→ Assigned task:
Leave out the pictures and repeat exactly the lines from the one containing "Cardboard sign that" through the final line of the listing below.

→ Material provided:
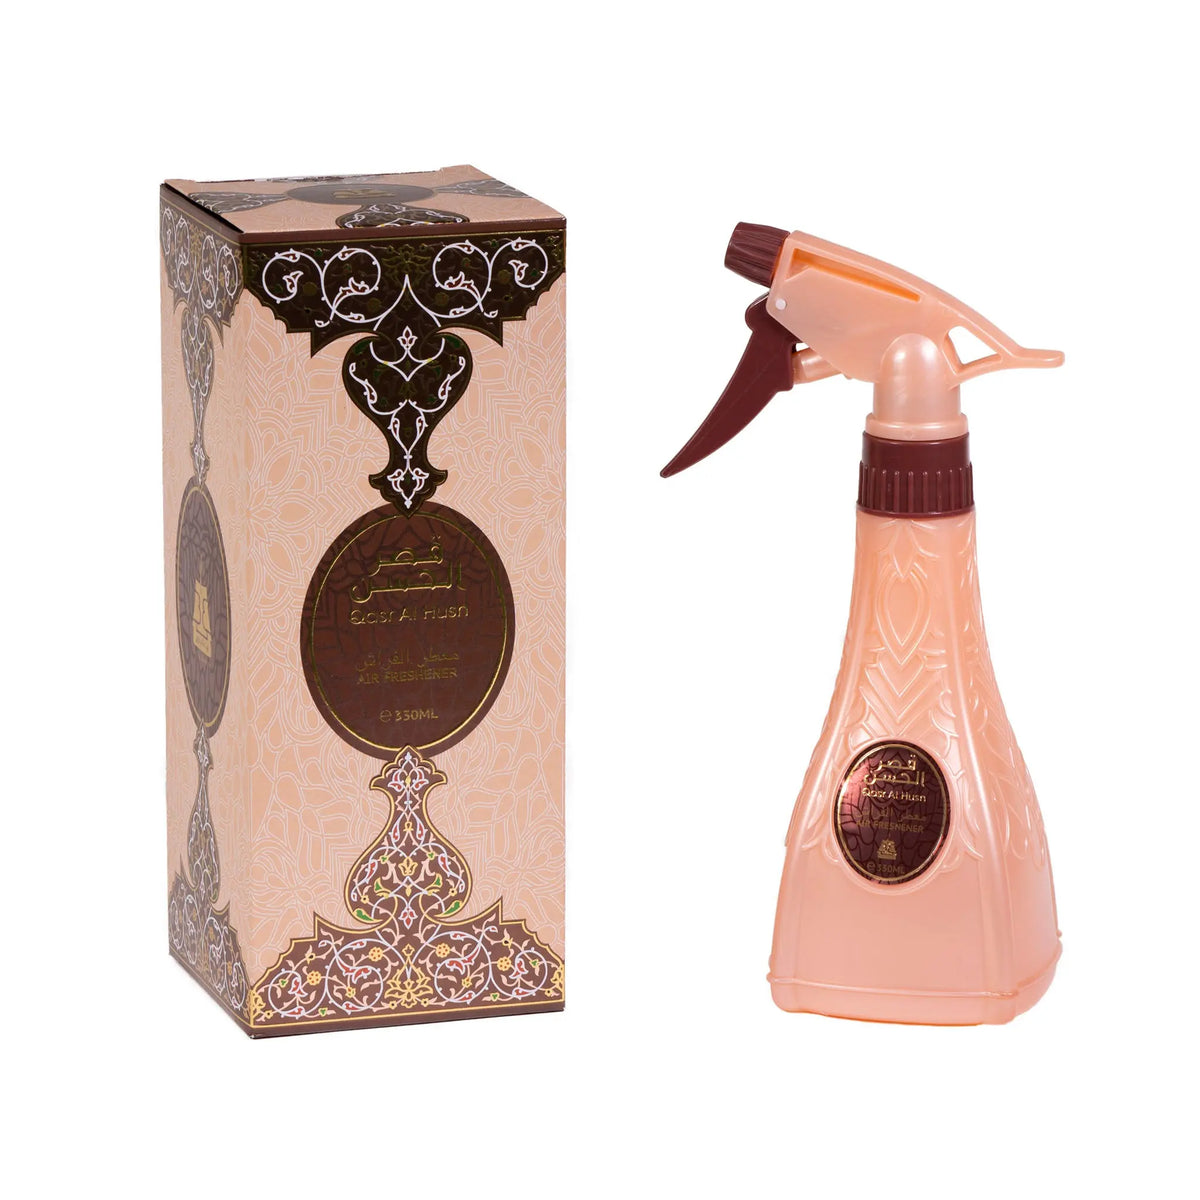 The image shows two items: on the left, a rectangular box with intricate patterns in shades of beige, brown, and gold, featuring Arabic calligraphy and English text that reads "Qasr Al Husn Air Freshener," with a capacity of "350ML." On the right, there's a spray bottle with a peach-colored body and a dark brown spray head. The bottle has a similar design as the box with a label that includes Arabic calligraphy and the same English text, "Qasr Al Husn." 
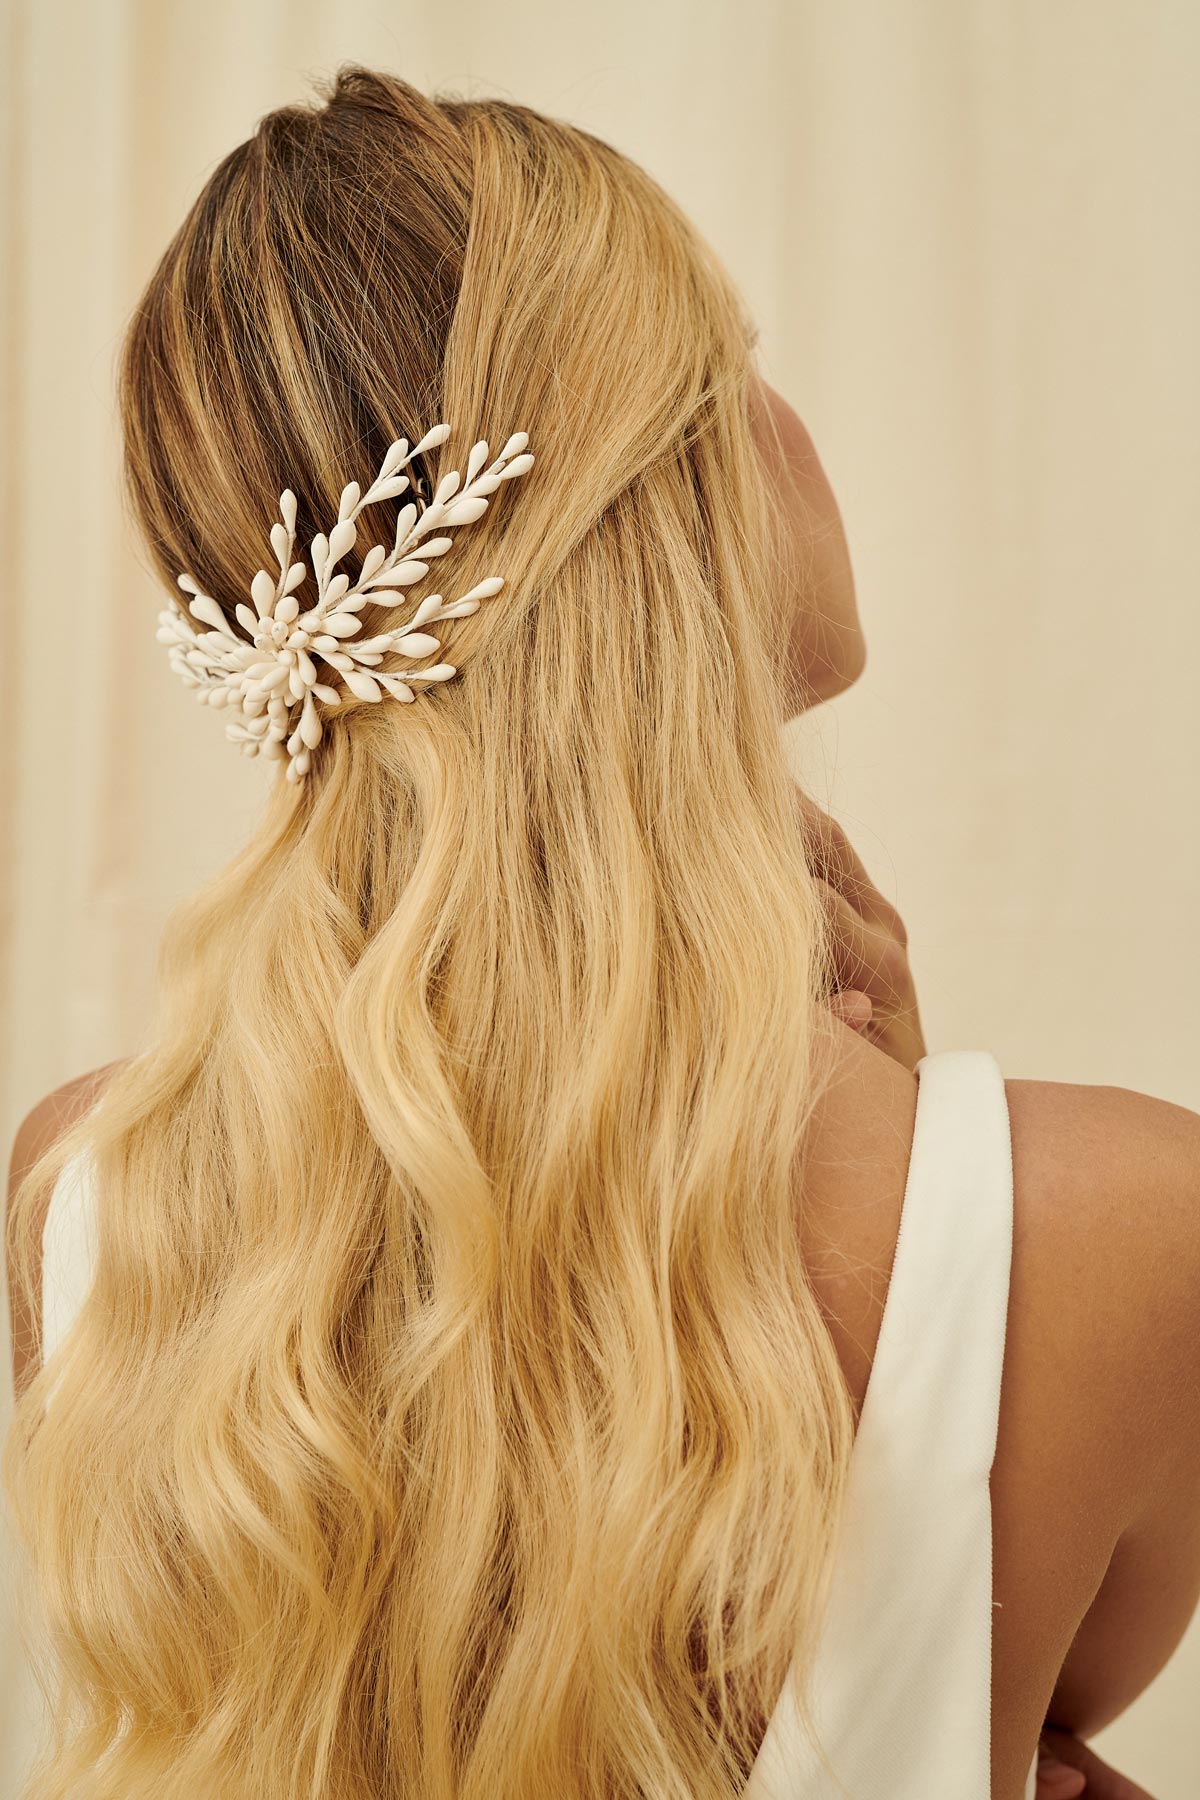 A delicate bridal hair accessory made from wax orange blossoms set into a comb
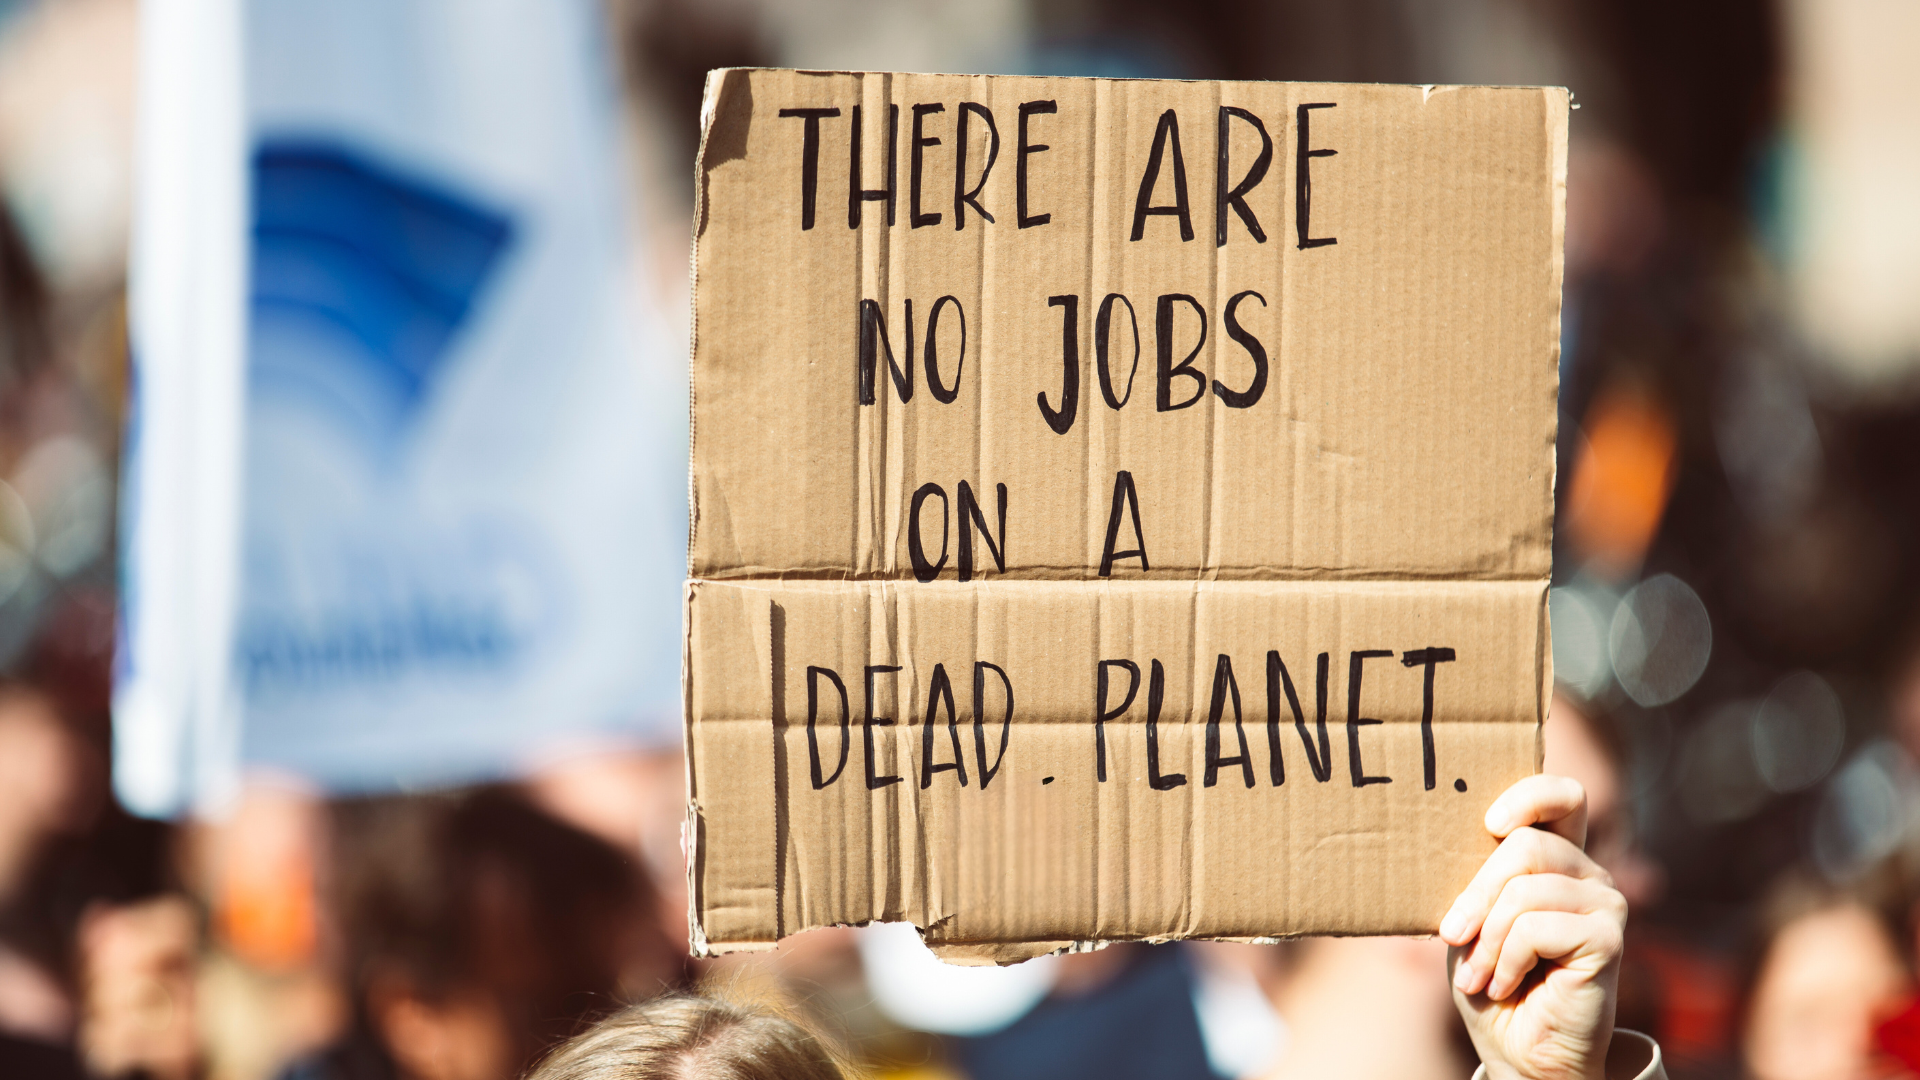 Cardboard sign that states "There are no jobs on a dead planet."
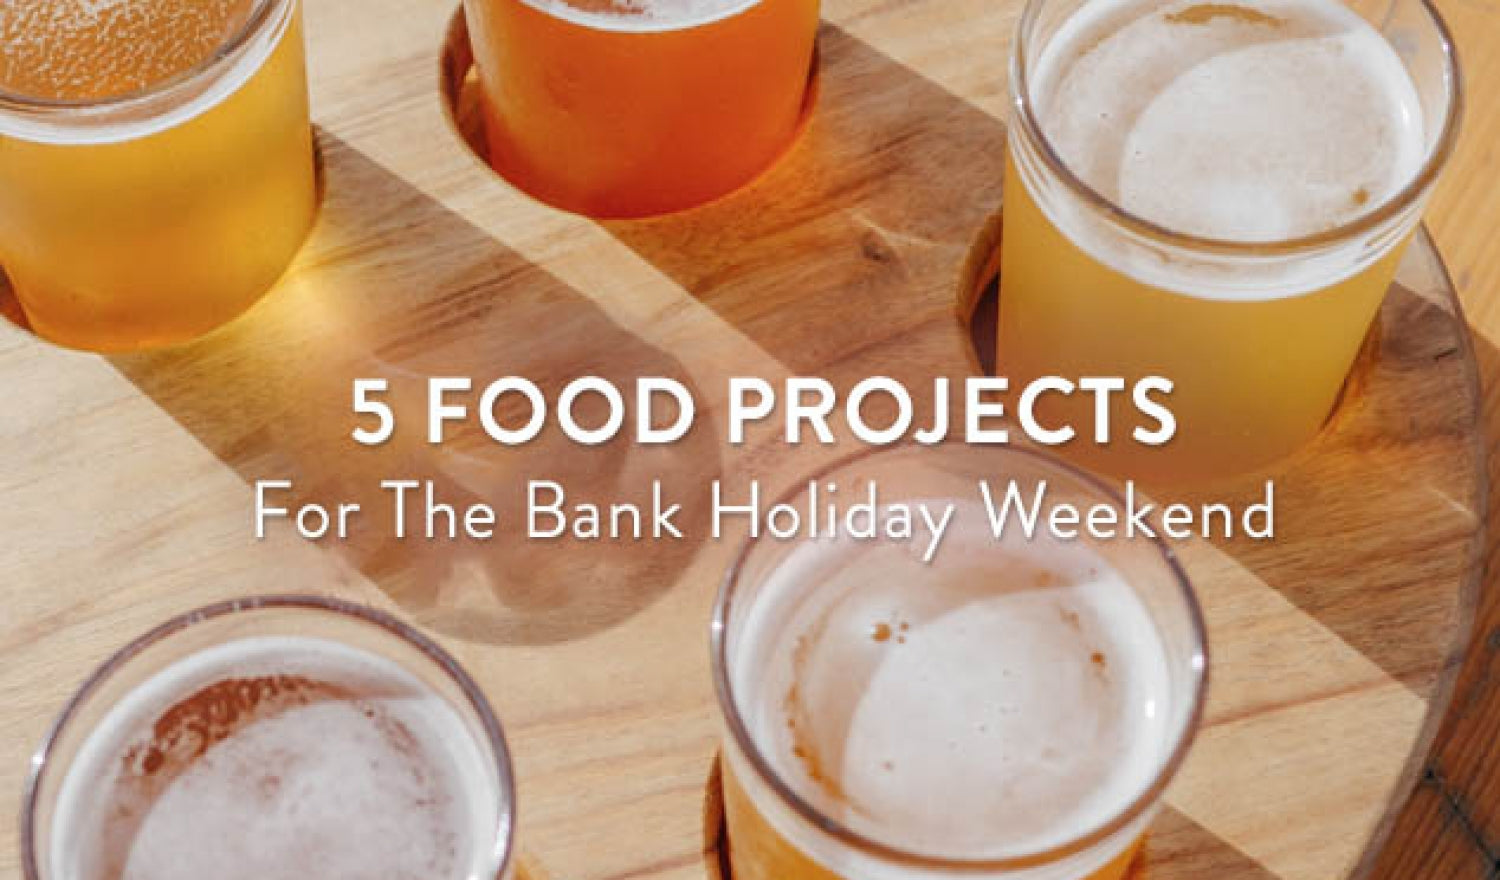 5 Food Projects For The Bank Holiday Weekend

→ Response area:
 Cardboard sign that states "There are no jobs on a dead planet."
 5 Food Projects For The Bank Holiday Weekend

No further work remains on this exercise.